Example 1 The oil layer obtained in Reference Example 1 was mixed at a speed of 100 parts by weight/h, r, and acetone containing 0812% by weight of tungstophosphoric acid was mixed at a speed of 100 parts by weight/hr into a stirrer, a reflux condenser, and a reaction solution. Each is supplied to a reactor equipped with an outlet,
The acid decomposition reaction was carried out under stirring, at a reaction humidity of 68° C., and while the reaction solution was drawn out so that the average residence time was 30 minutes.

The concentration of phloroglucin in the acid decomposition reaction product was 2.5% by weight, and the yield of 70loglucin from 1,3+5-T HP corresponded to 90 mol%. The concentration of unreacted hydroperoxide in the reaction product is 0.021 mm IJ grams per f
fl/g, and the acid decomposition rate was equivalent to 97.5%.

Table 1 Examples 2 to 4 Acid decomposition reaction of 1.5.5-T I'B oxidation product was carried out in the same manner as described in Example 1 except that the type and amount of catalyst used were changed. did. Table 2 shows the type of catalyst, the amount used, and the reaction results.

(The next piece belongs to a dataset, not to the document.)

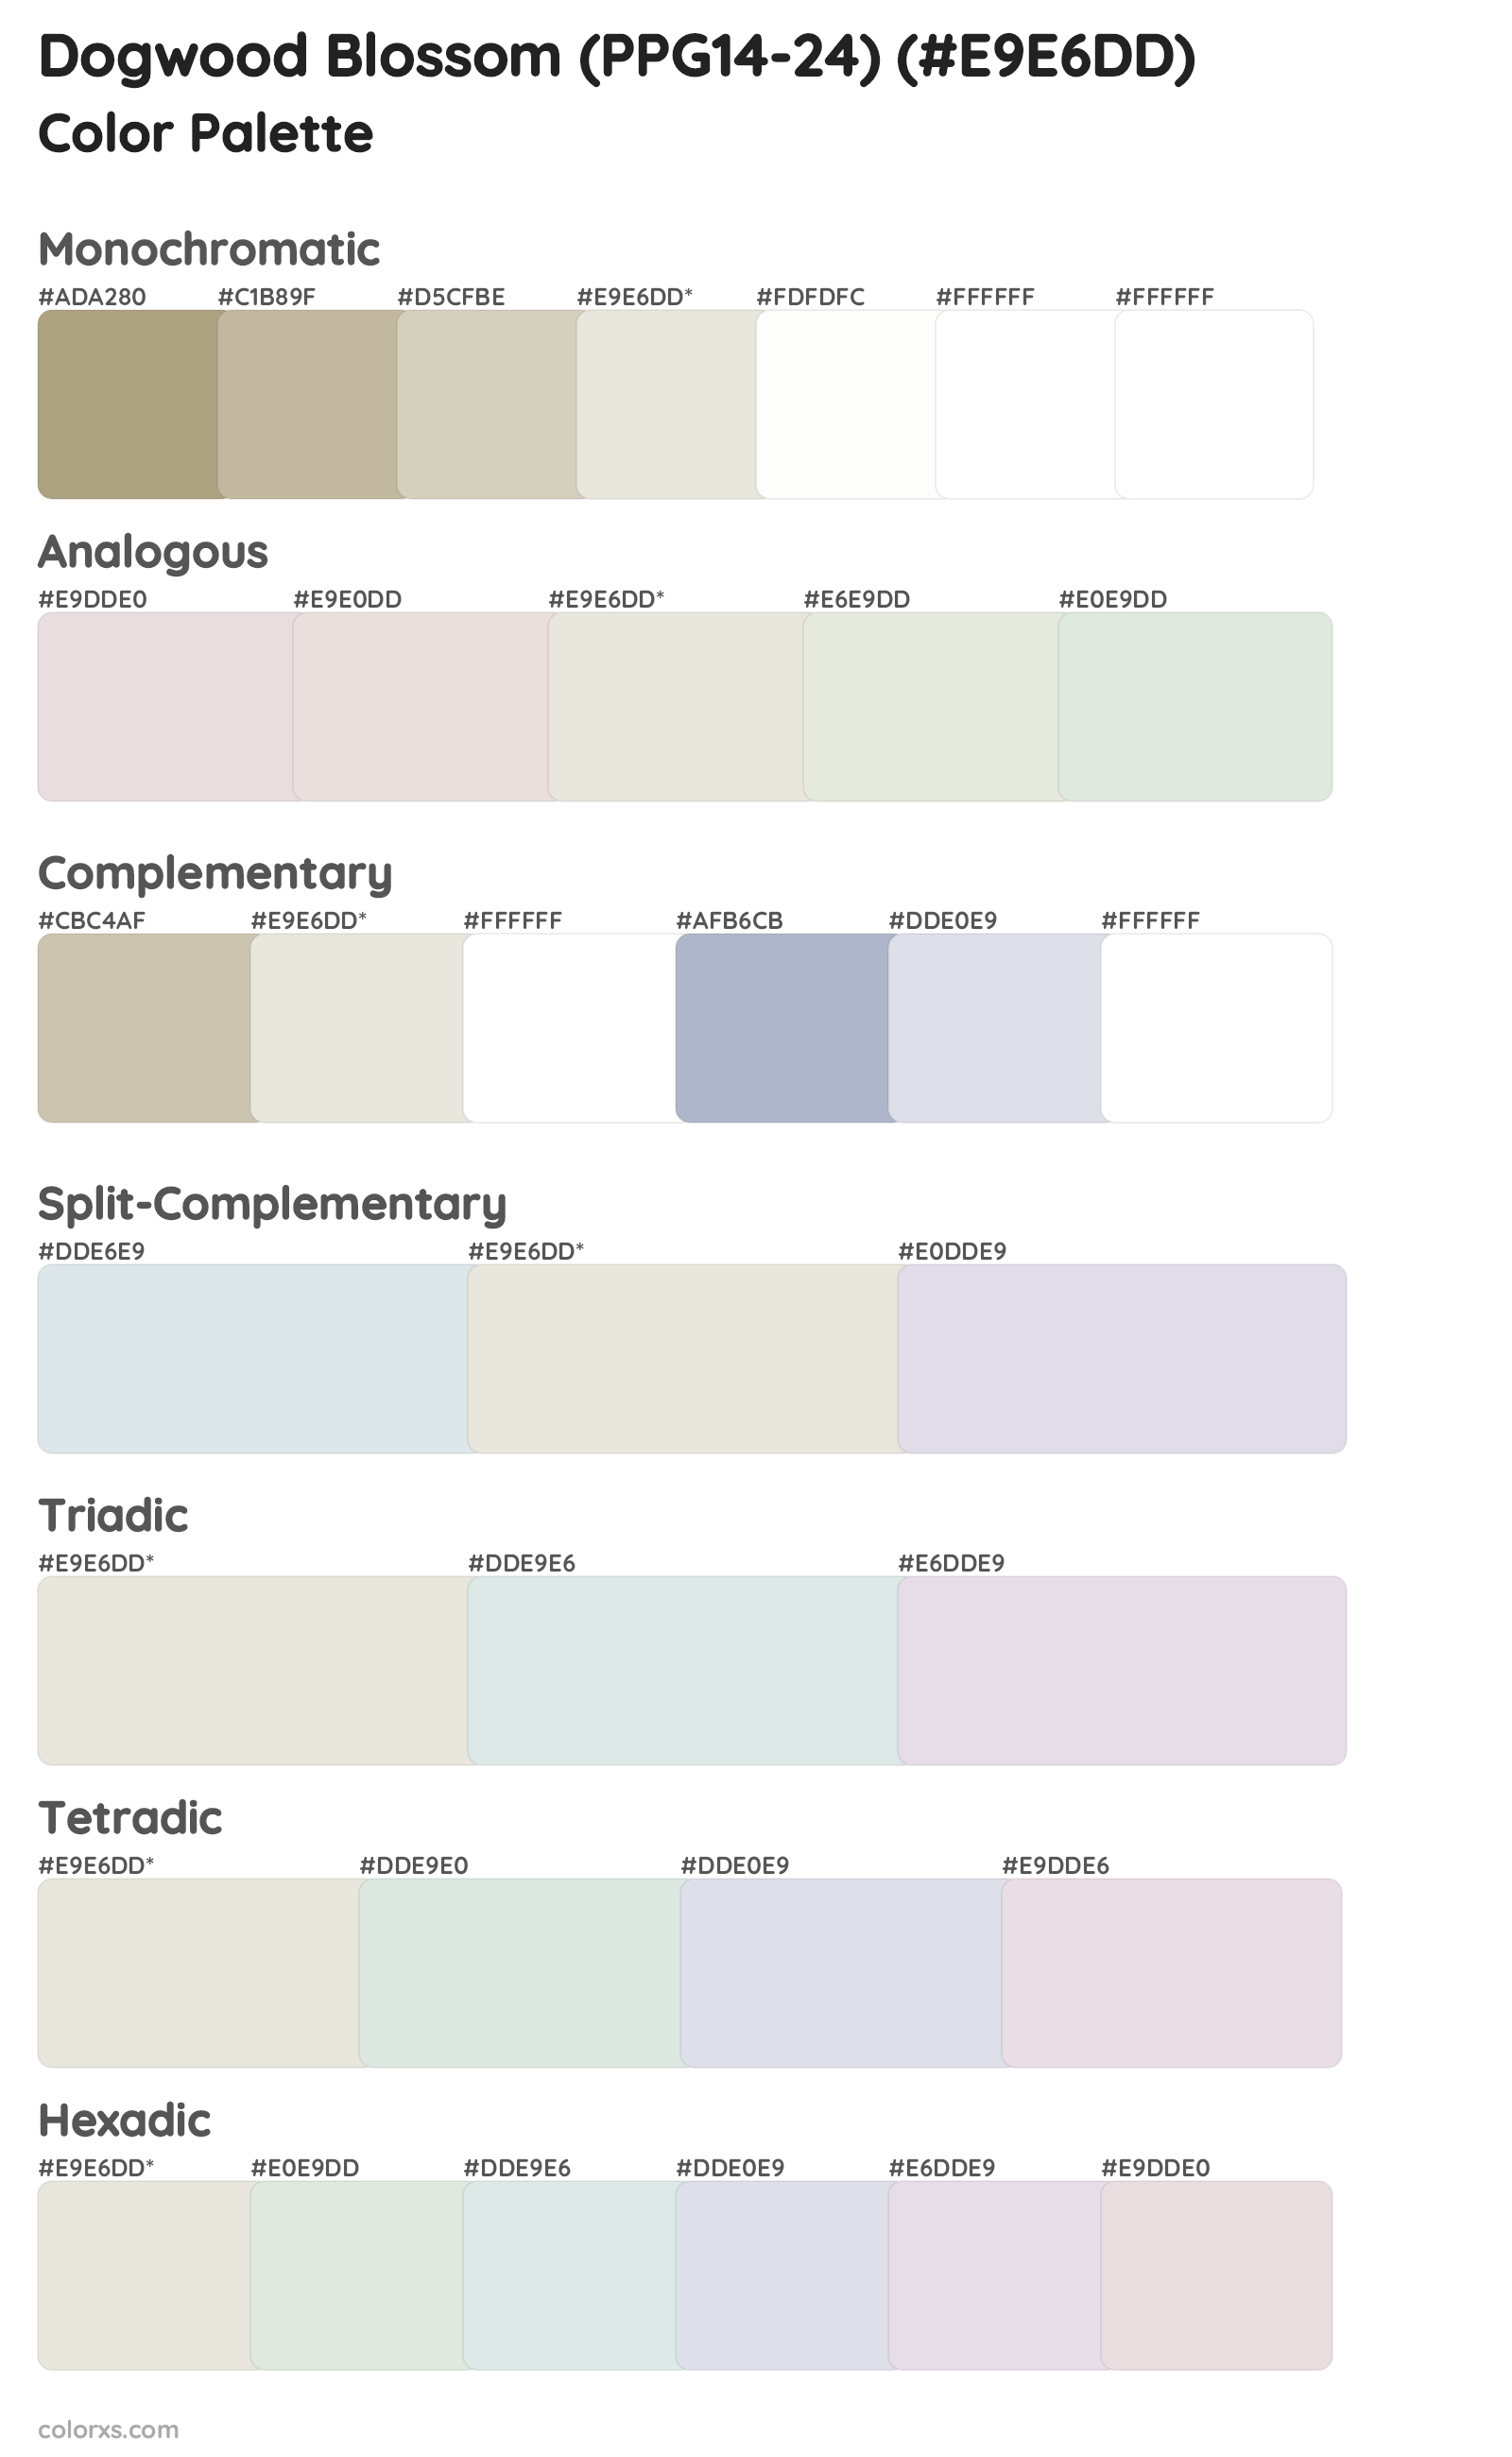 Dogwood Blossom (PPG14-24) Color Scheme Palettes

Examples 5 and 6, Comparative Examples 1 and 2 L+5s5 TIP was carried out in the same manner as described in Example 1, except that the amount of catalyst (Kungest phosphoric acid) used was changed.
An acid decomposition reaction of the B oxidation product was carried out. Table 3 shows the amount of catalyst used and the reaction results.

Claims (1)

[Claims] (1) 1.3.5-) 1s3s5” containing oxidized by-products obtained by oxidation of IJ isopropylbenzene
Using a heteropolyacid as an acid decomposition catalyst for trihydroheloxide of triisopropylbenzene, the acid decomposition rate is 92 to 99.5% at a temperature of 40 to 110°C.
A method for producing phloroglucin, which is characterized by carrying out acid decomposition within the range.